Меня же к оперативной работе за рубежом допускать не собирались. Планировали окончательно оставить в центральном аппарате. Назначили начальником управления анализа. Вручили кожаную папку с выведенными на ней золотом тремя словами «Главное разведывательное управление». Ее через день я должен был носить с подготовленными материалами на ознакомление начальнику ГРУ. День докладывал я, другой – один из назначаемых мной сотрудников управления. И так каждую неделю, каждый месяц, каждый год. Вплоть до ухода в отставку в 1981 году.

К информационно-аналитической работе в ГРУ многие относились пренебрежительно. Чаще всего к ней привлекались «невыездные» офицеры. Аналитики оперативной работой не занимались. Проводили время в режиме кабинетного затворничества, что никак не соответствовало традиционным представлениям о службе военного разведчика. Да и вообще мало кто из сотрудников управления анализа имел личный опыт работы «в поле».

Для меня, проведшего восемь лет за кардоном, на оперативной работе в резидентурах ГРУ, такой переход был равносилен тому, что профессионального гонщика пересадили со скоростной машины в инвалидную коляску.
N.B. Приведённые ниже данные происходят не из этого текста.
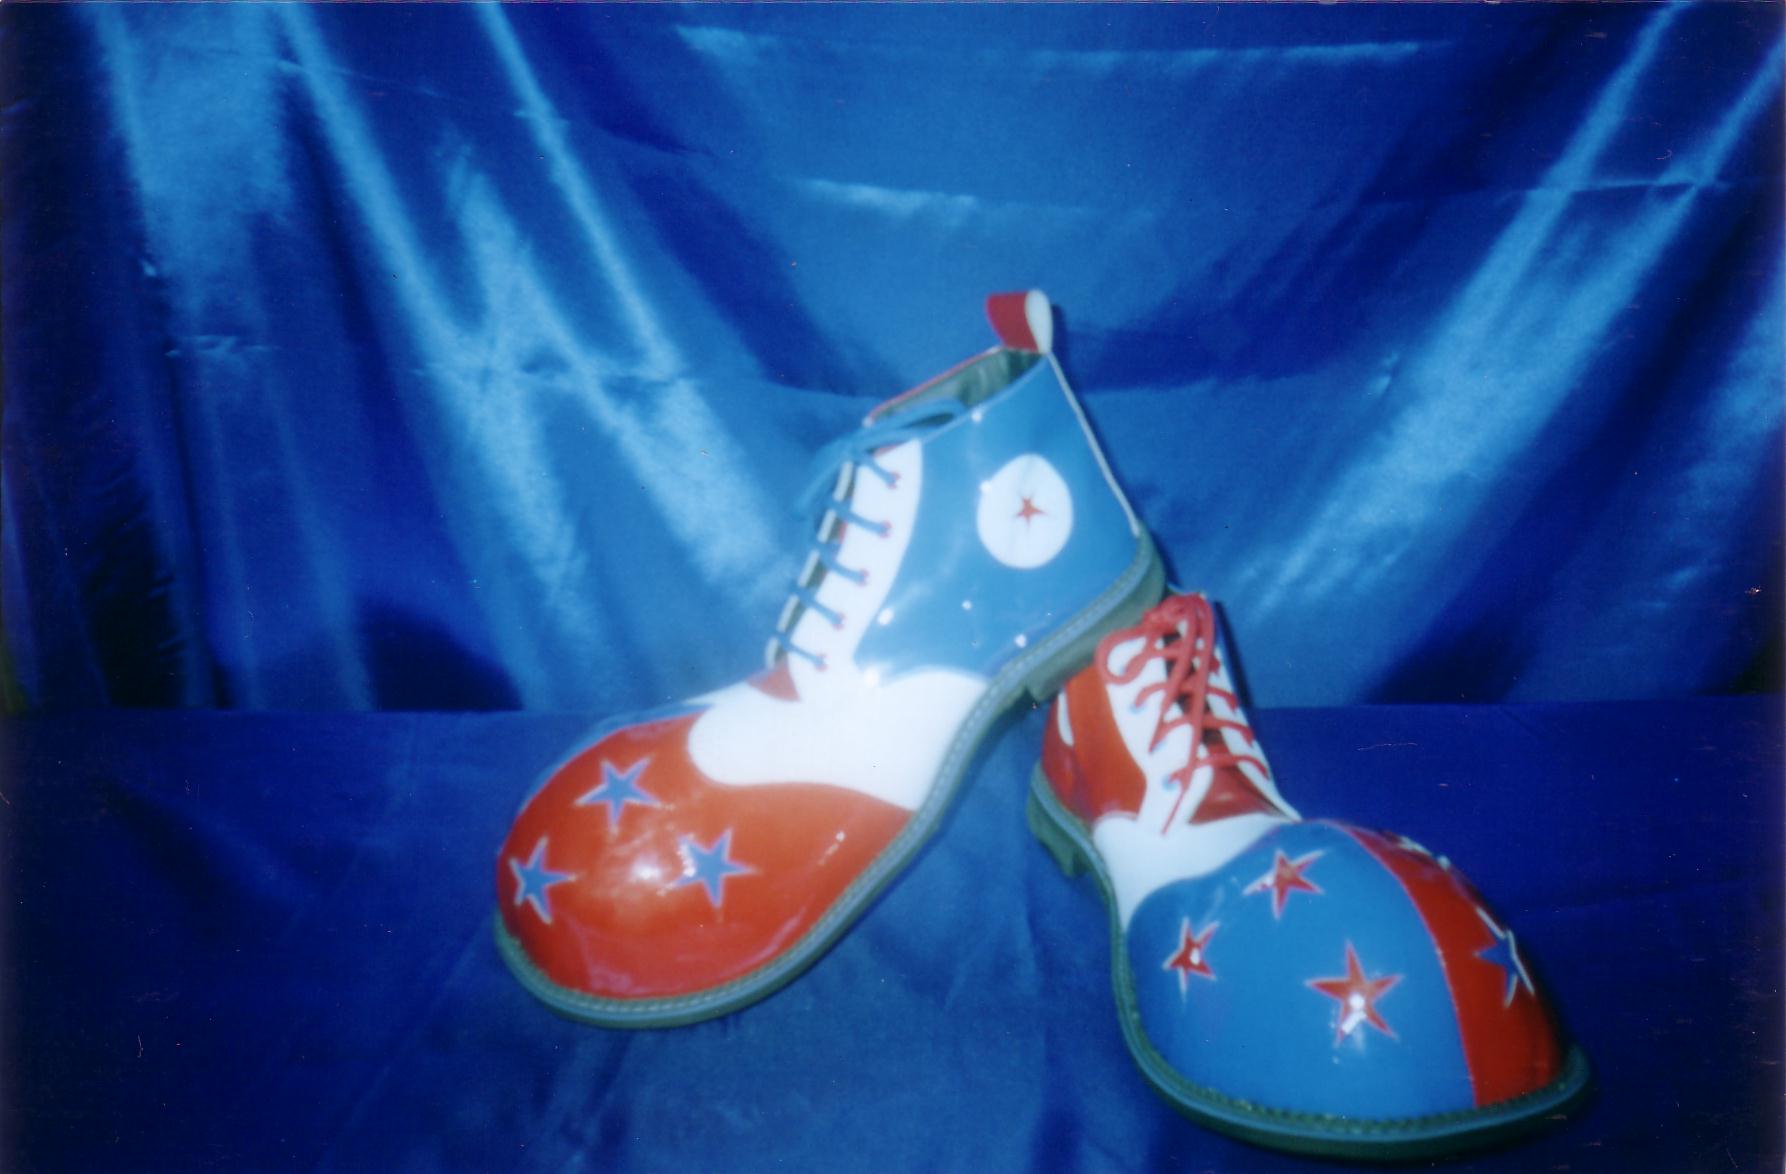 Clown shoes for circus and parades
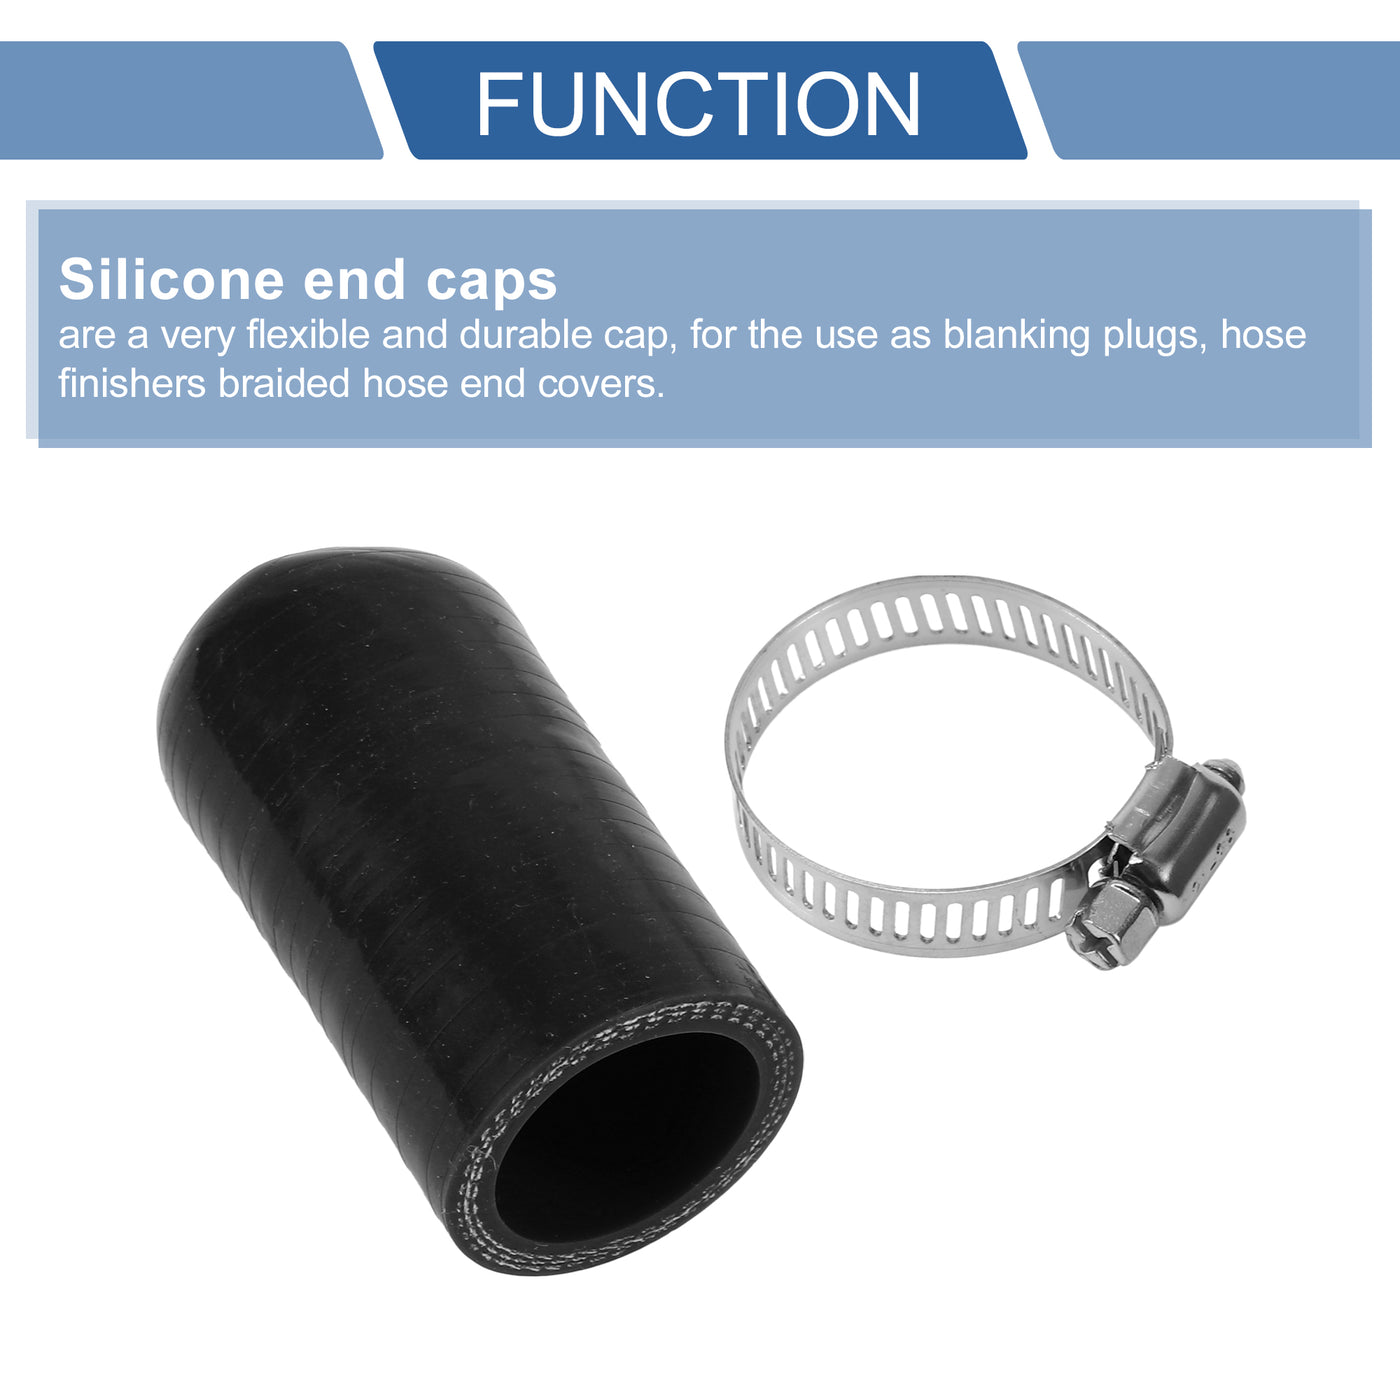 X AUTOHAUX 1 Pcs 60mm Length 28mm/1.10" ID Black Car Silicone Rubber Hose End Cap with Clamp Silicone Reinforced Blanking Cap for Bypass Tube Universal

Утешало то, что, работая в управлении анализа, я имел дело с интересными материалами из секретных и конфиденциальных источников, тем самым получая возможность знакомиться с оценкой, прогнозами и предложениями ведущих специалистов мира: военных, дипломатов, политиков, экспертов в различных областях знаний.

В 60-е и 70-е годы далеко не все усилия советской разведки были направлены лишь на противоборство с США и странами Североатлантического блока. Огромное место в военнополитических заботах СССР отводилось тогда странам так называемого «третьего мира». Они практически за бесценок получали советское оружие, крупные займы, экономическую помощь.

Москва стремилась к расширению географии социализма. Однако к началу семидесятых годов стало ясно, что такая экспансия становится достаточно обременительной. Но ЦК партии никак не мог отказаться от убежденности, что «третий мир» является резервом социализма. В решения съездов партии неизменно вписывались разделы о национально-освободительном движении в странах «третьего мира», о солидарности Советского Союза с ними.

Но СССР уже не мог подкрепить свои претензии финансовыми и экономическими возможностями. В итоге на передний план сотрудничества со странами «третьего мира» стали преимущественно выходить факторы военно-технического характера – поставки вооружений, направление военных советников, налаживание военного строительства. ГРУ стало заложником этой политики. Военные поставки за рубеж росли, как раковая опухоль, отнимая силы у слабеющего организма нашей страны.

Как начальник управления анализа я понимал опасность продолжения такого курса. Экономика Советского Союза не в состоянии была выдержать бремя помощи государствам «третьего мира». Я предлагал руководству ГРУ использовать английский опыт. Великобритания контролировала в мире всего несколько точек на карте: Гибралтар, Мальту, Суэц, Аден, Сингапур. Но обеспечивала этим себе господство на важнейшем морском пути из Европы в Азию.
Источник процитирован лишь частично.